それから着替えとこまごまとした生活用品、それとスマートフォンまで買いそろえて、二人はあきらをうちに迎え入れた。
子供がひとり増えるって、けっこう物入りだ。
『俺達はもう大人だ』発言は、あきらを落ち着かせるために言ったものだったけど、両親に聞かれていなくて良かったと思う。実際に俺達はまだまだ親の世話になっている。
「ここ、俺の部屋?」
キラキラと目を輝かせるあきらに、父さんと母さんは嬉しそうにうなずく。
「足りないものがあったら遠慮なく言うんだよ」
「そうよ、あきら君はうちの子なんだからね」
両親はそう言ったが、あきらは正式には倉橋家の養子にならなかった。消えた母親が戻ってきた時に、母親と同じ姓の『久豆葉あきら』のままで会いたいと本人が望んだからだ。
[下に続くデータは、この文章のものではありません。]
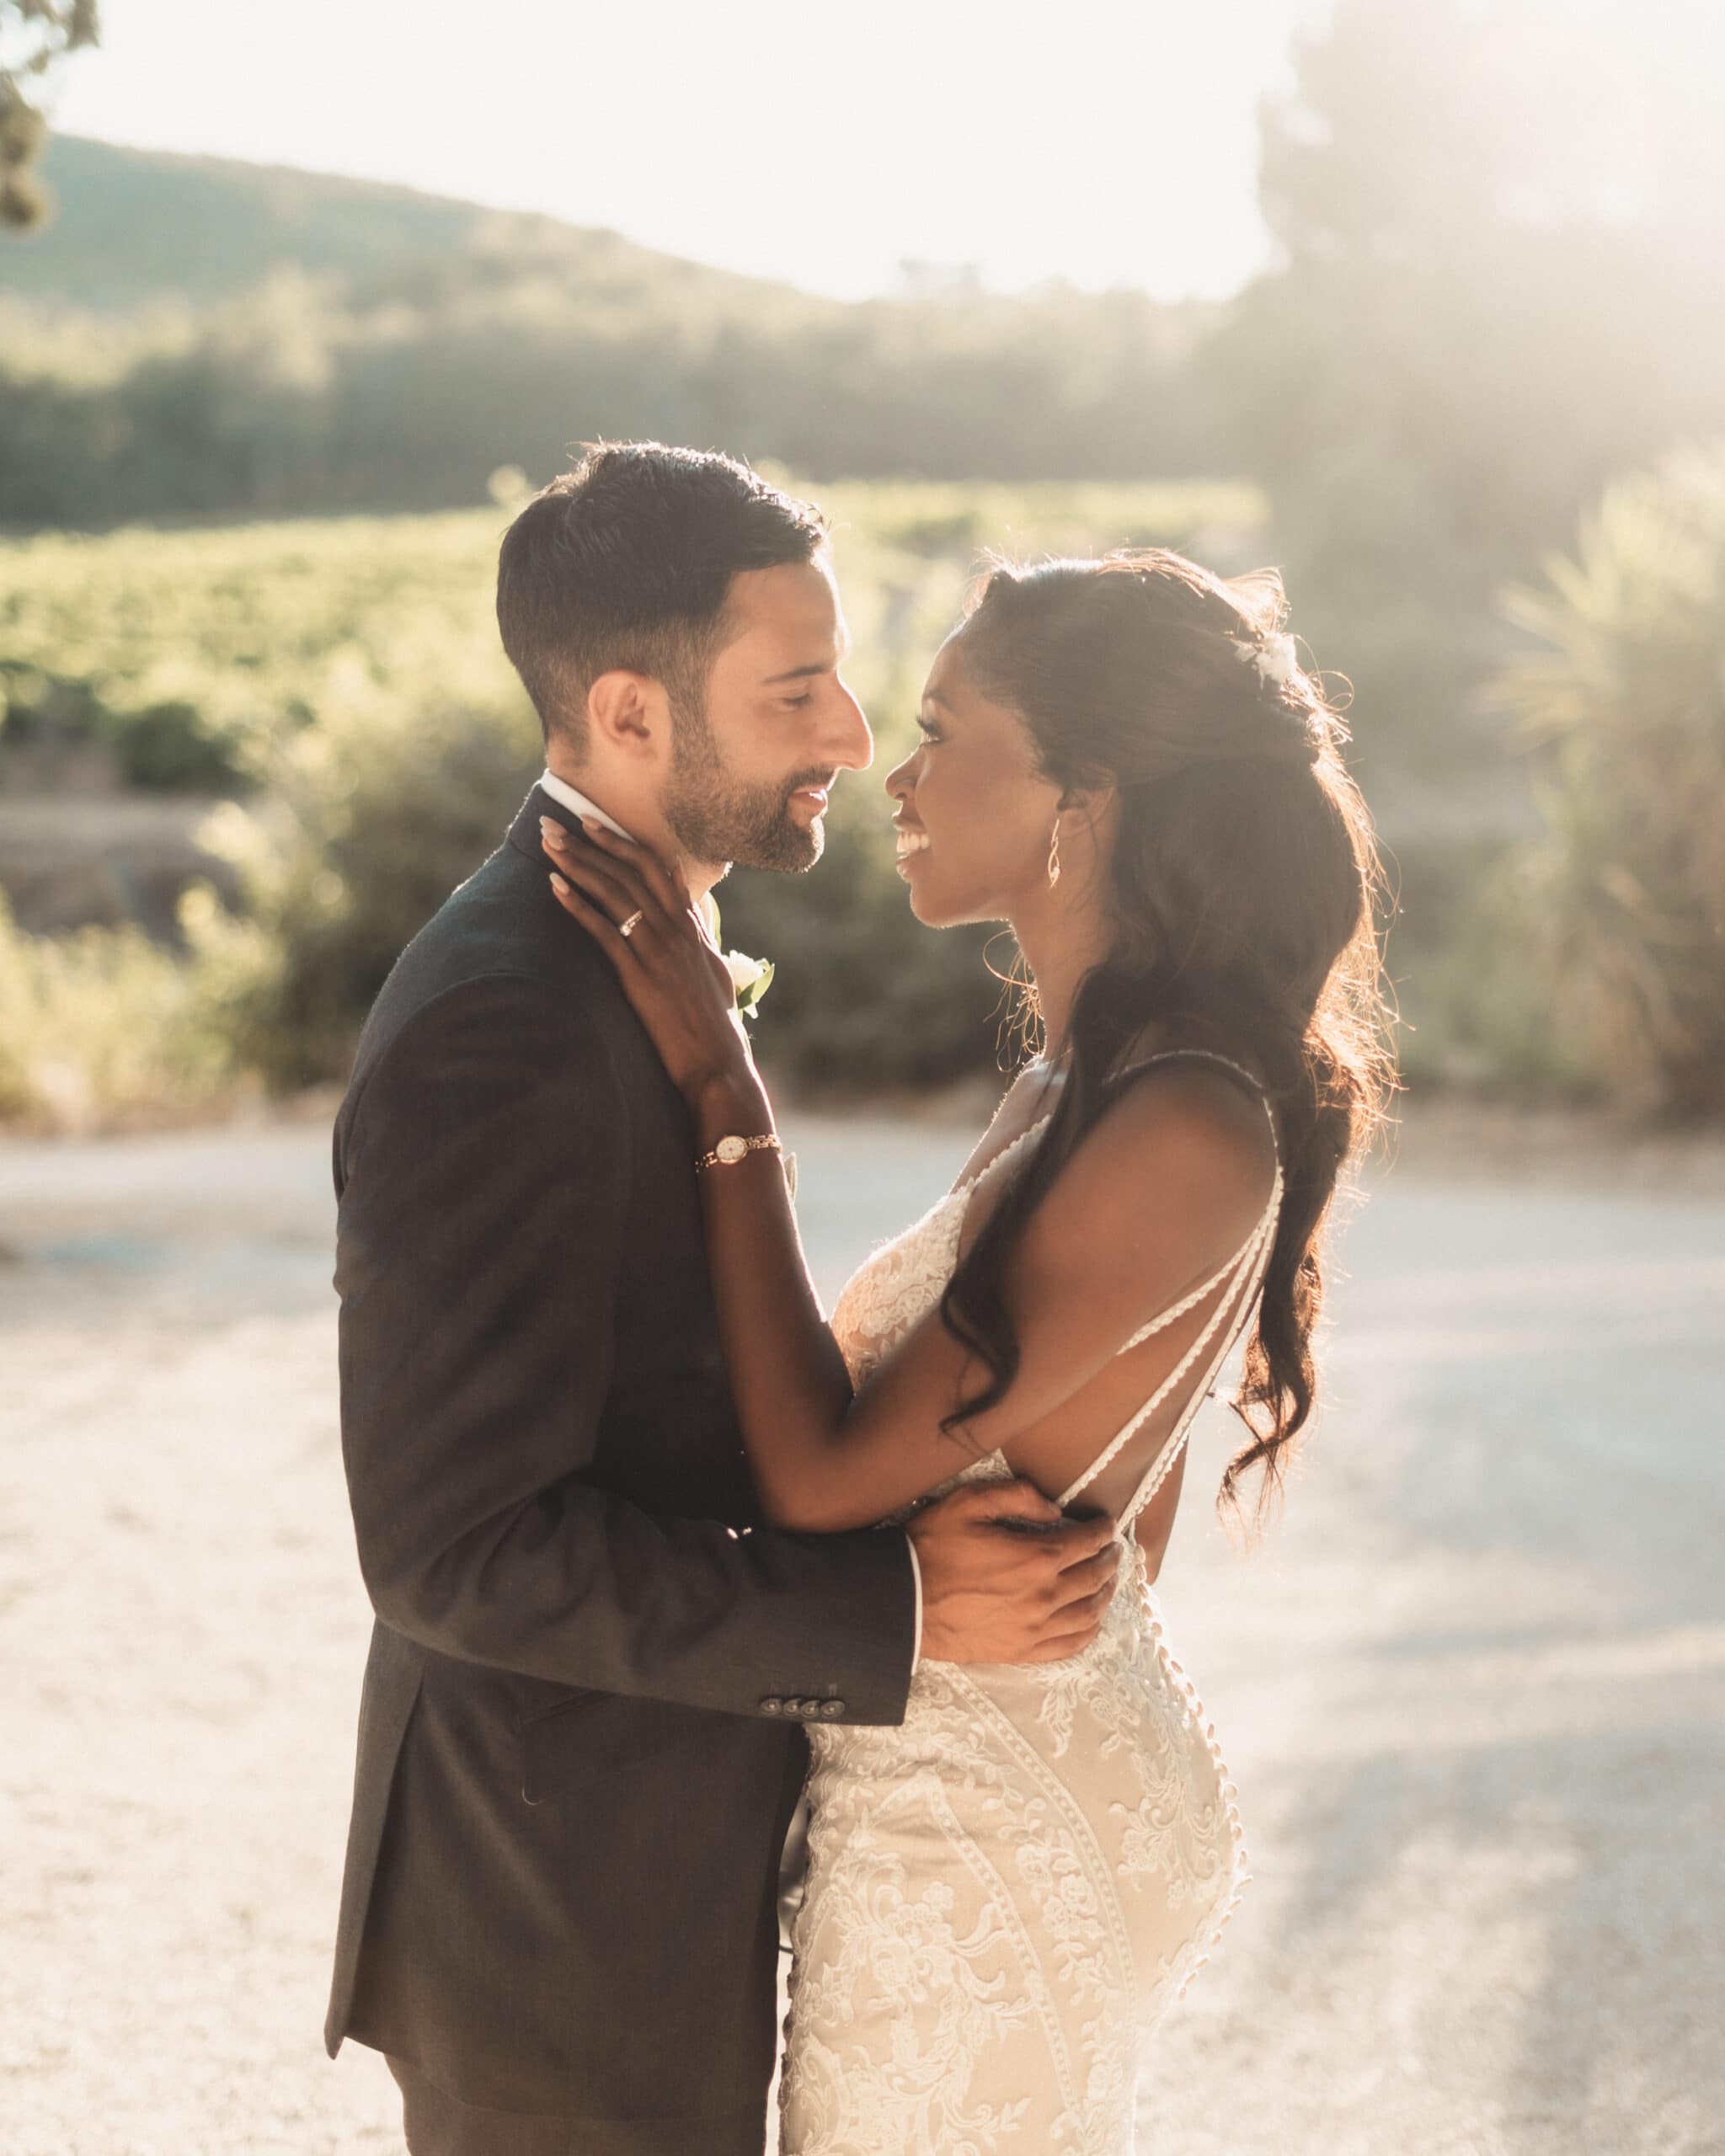 Why book a ‘wedding photographer near me? Wildly in Love

あきらが母親への想いを口にするのを、俺はその時初めて聞いた。
失踪して10年以上連絡のひとつも寄越さない母親なのに、あきらは当然のように再会を信じている……。
同情と憤りとやるせなさを感じたけれど、俺は何も言わなかった。何を言ってもあきらを傷付けてしまいそうで、うまい言葉が見つけられなかったからだ。
俺は子供の頃にたった一度だけ、あきらの母親に会ったことがある。癖のないまっすぐな黒髪をなびかせた気の強そうな美人だった。俺は彼女と何か約束をした気がするんだけど、どこで会ってどんな話をしたのかはさっぱり覚えていない。黒々とした深い色の瞳が俺を見つめていたことだけが、強く印象に残っていた。
「おじちゃん、おばちゃん、ありがとう」
あきらは瞳を潤ませて、父さんと母さんに抱きついた。二人とも感極まったような顔をして、ひしっとあきらを抱きしめた。